A review of the project indicated that it faced oversights such as overlooked contracts, procurement back charges, adjustments for potential insurance claims, and repairs that needed to be done.

‘We take accountability’

“We are extremely disappointed with the increase in the project’s capital costs,” said Nqwababa. “We take accountability and we are confident that the revised plan will be delivered.”

Lake Charles, like Eskom, is too big to fail. It comprises an ethane cracker plus a downstream chemical plant that will generate ethylene at a rate of 1.5 million tons per year. The project, which at the end of March 2019 was 96% completed, is expected to boost the portion of chemicals in Sasol’s sales mix to 70%.

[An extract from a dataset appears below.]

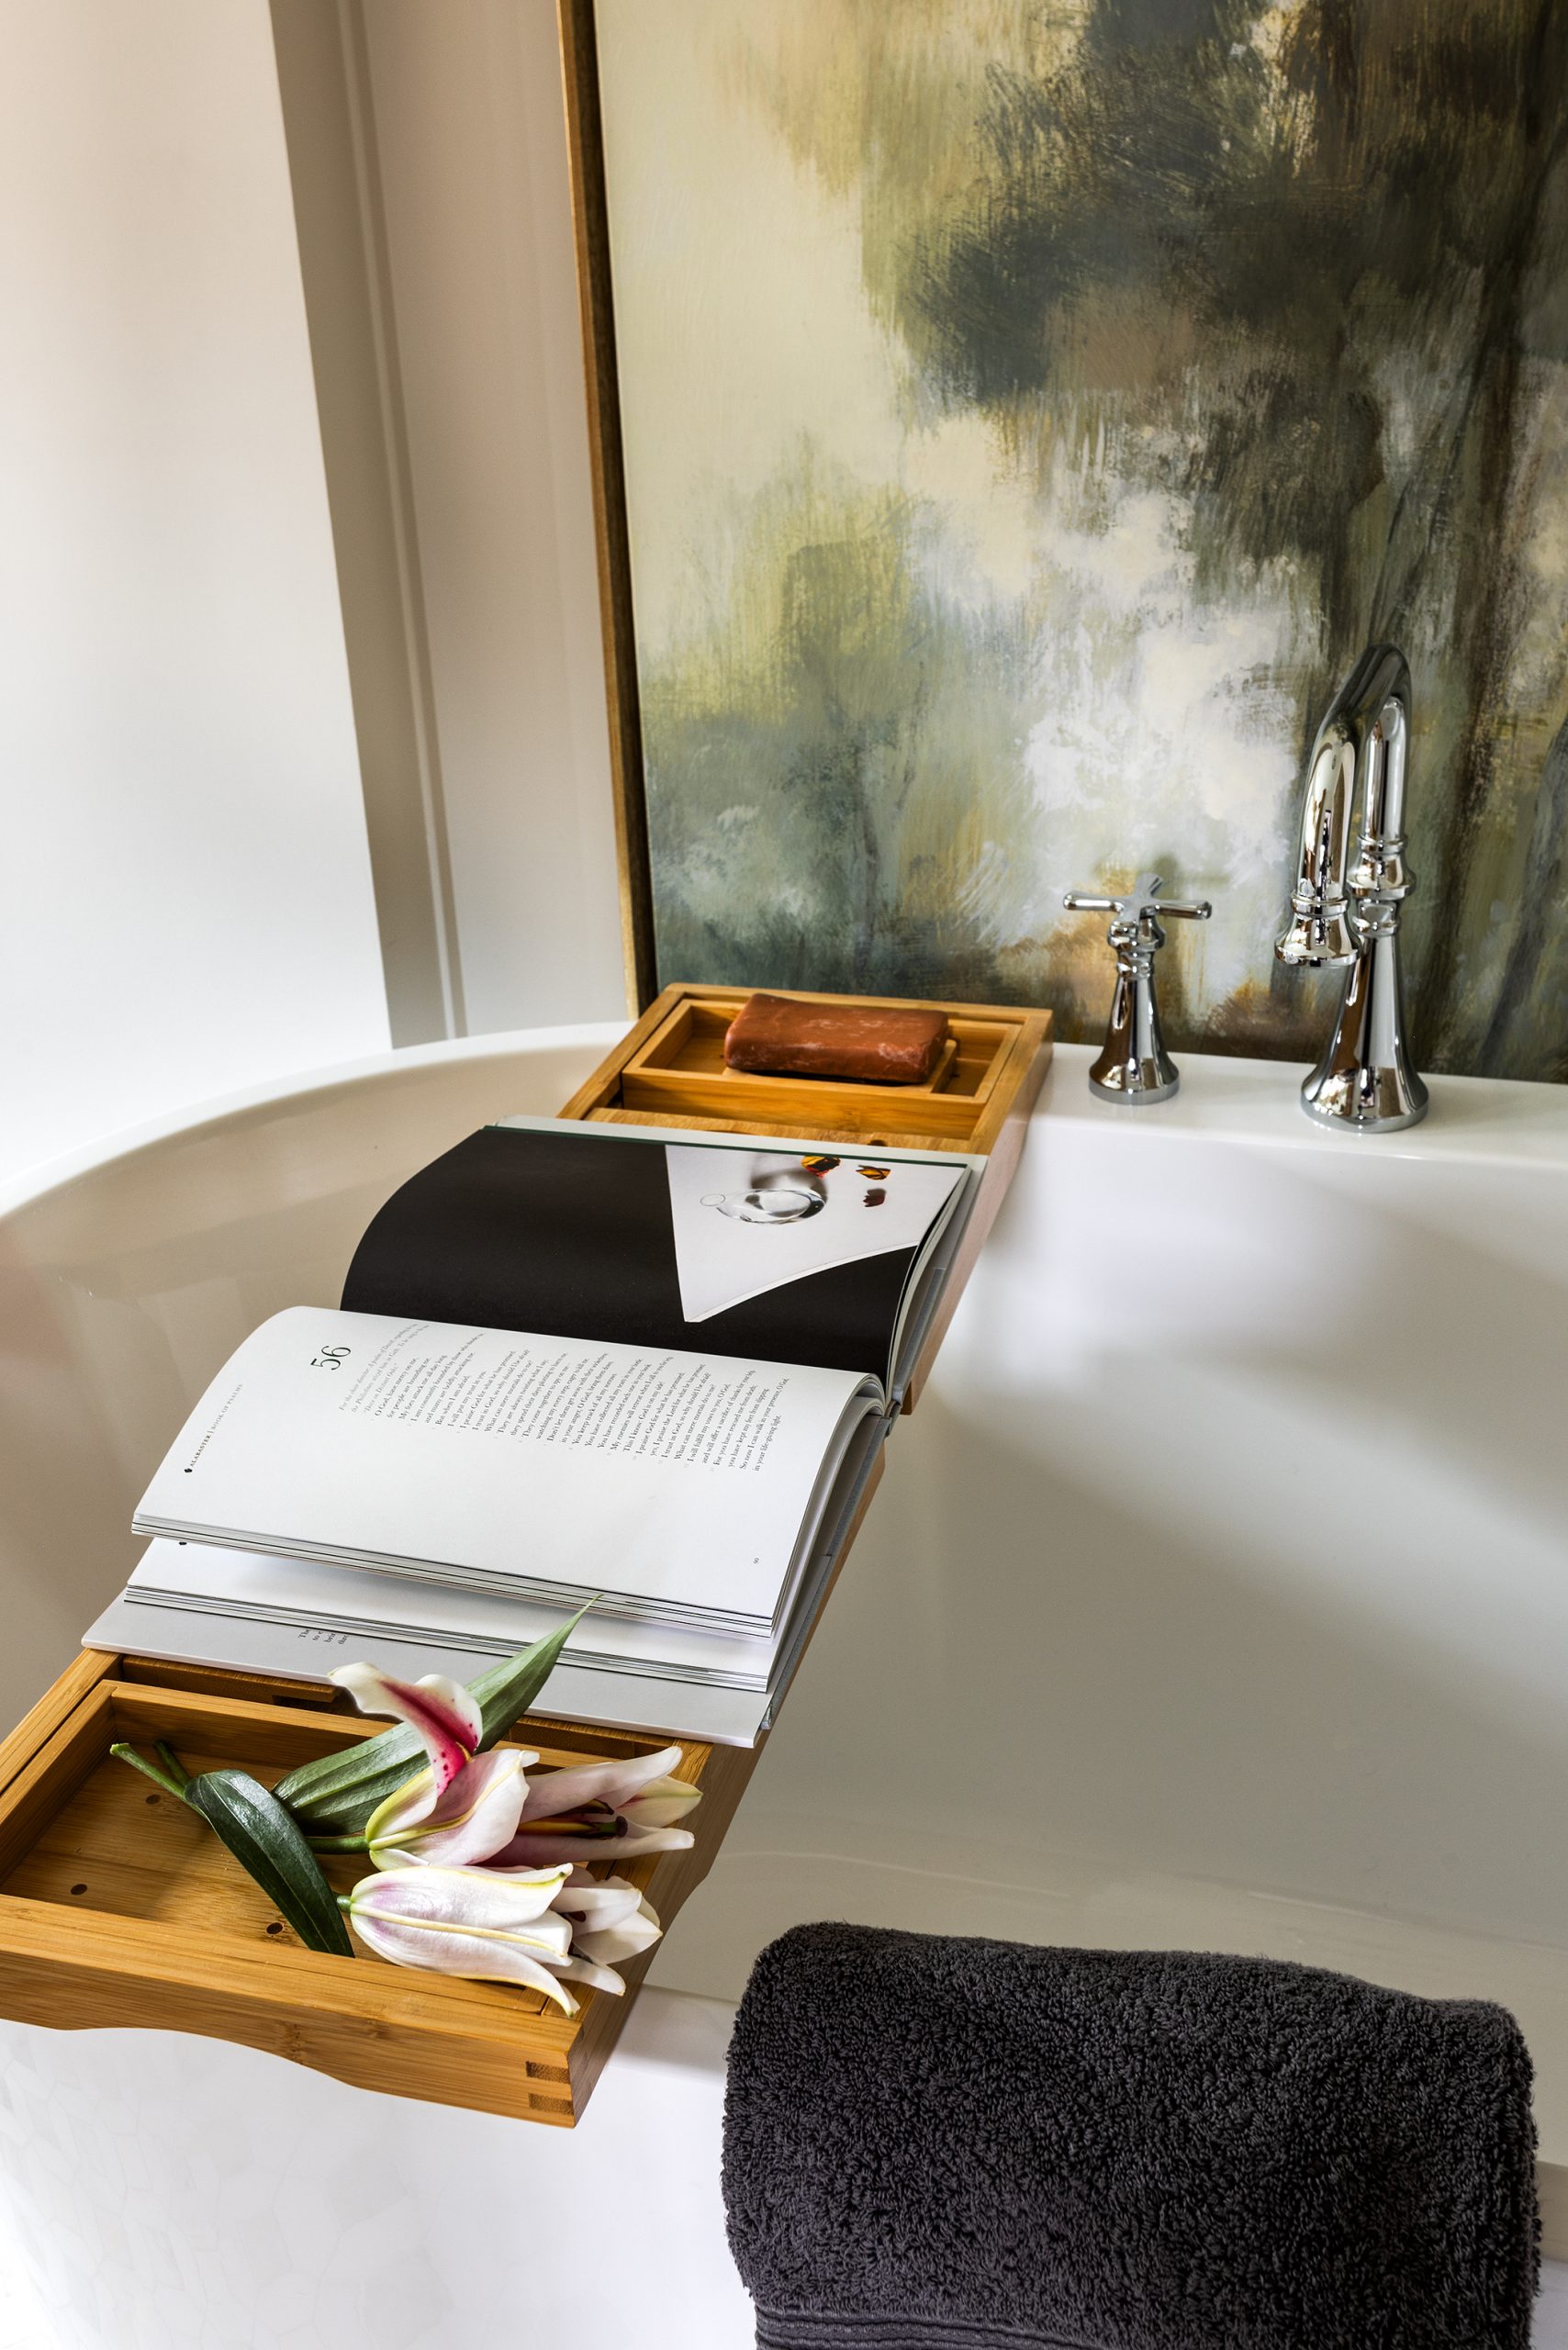 Dark mahogany double doors connect the primary bedroom suite to the bath, opening to a soaking tub that perches beneath a tall abstract painting.

Nqwababa said Sasol’s balance sheet is “robust enough” to absorb the Lake Charles cost increases and that the company “remains confident in the outlook for the project”.

Nqwababa’s hubris is based on Sasol’s capital allocation strategy, which includes the reduction of its balance sheet gearing towards 30% (compared with 48.9% during the six months to December 2018). It also plans to sell assets worth more than $1 billion across its portfolio to reduce its debt load.

Cornell didn’t elaborate on which specific assets will be up for sale, only reiterating that Sasol will restrict its capital allocation to exploration opportunities in Mozambique and selected West African countries and cease further investments in greenfields gas-to-liquids plants.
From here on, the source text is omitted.